Why and how to align the draft EU Corporate Sustainability Due Diligence Directive with the OECD Guidelines
The three European Union (EU) institutions – the Commission, Council, and Parliament – have begun tripartite negotiations to reconcile their positions for a corporate due diligence directive (CSDDD). Lawmakers, businesses, and civil society alike seek impactful and workable due diligence that avoids a proliferation of conflicting expectations for enterprises. The key to this is ensuring coherence between the proposed CSDDD and existing authoritative international norms on due diligence like the OECD Guidelines. In this paper, OECD Watch analyses how closely the three EU institutional positions align with the Guidelines on four overarching topics of concern:
1. Personal scope of covered enterprises;
2. Material scope of human rights and environmental impacts, including climate change;
3. Value chain scope over related business relationships; and
4. Due diligence duty expected of corporations.
While none of the three EU institutions’ position is fully in line with the OECD Guidelines, OECD Watch finds that the position held by the European Parliament shows the closest alignment with the updated OECD Guidelines.
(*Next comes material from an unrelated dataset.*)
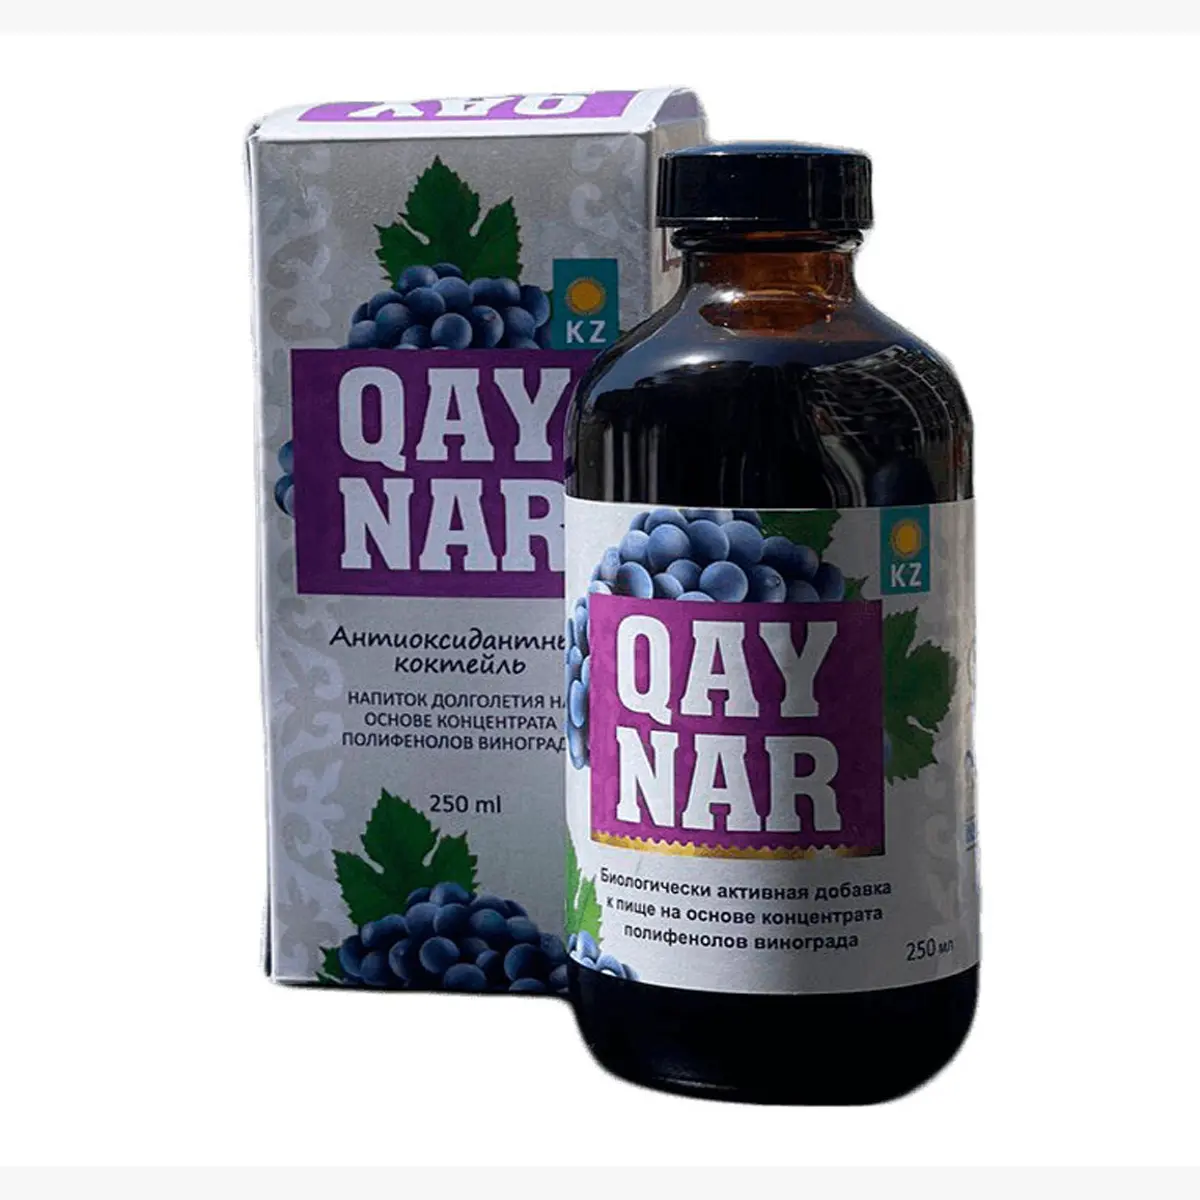 פוליפנול תמצית של ענבים זרעים "QAYNAR" ביו פעיל תוסף מזון מכיל נוגדי חמצון טבעיים, למעלה איכות מוצר
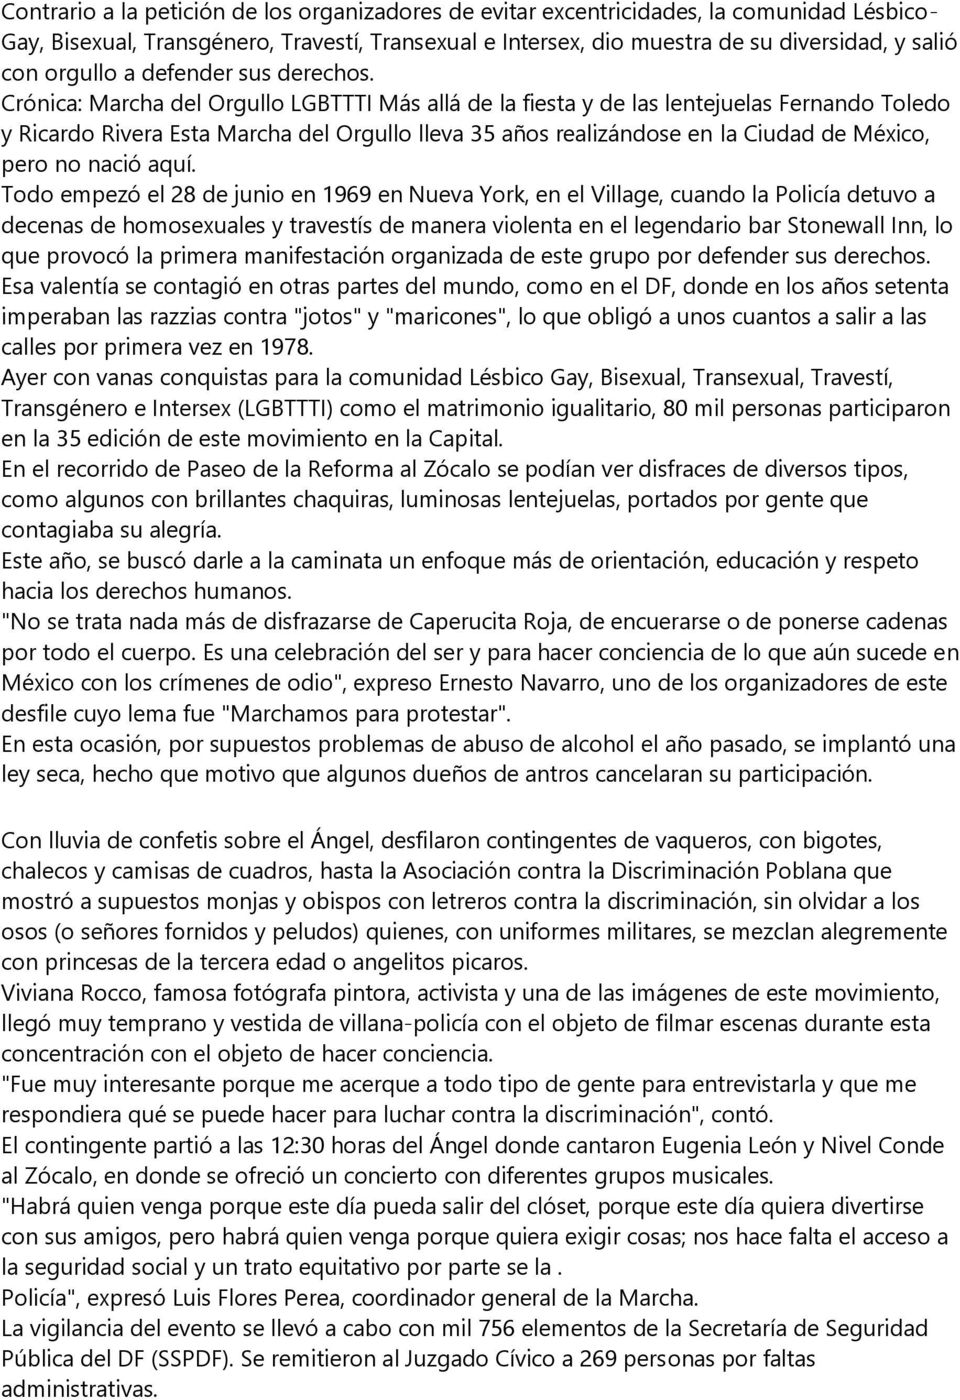 Crónica: Marcha del Orgullo LGBTTTI Más allá de la fiesta y de las lentejuelas Fernando Toledo y Ricardo Rivera Esta Marcha del Orgullo lleva 35 años realizándose en la Ciudad de México, pero no

OECD Watch recommend that trialogue negotiators select elements of the three positions that maximise alignment with the updated OECD Guidelines, drawing most heavily from the Parliament’s position. By doing this, legislators can avoid a proliferation of conflicting norms and laws and strike the right balance between providing companies and rightsholders with sufficient legal certainty while ensuring the due diligence duty remains practical, proportionate, and responsive to real human rights and environmental risks and impacts.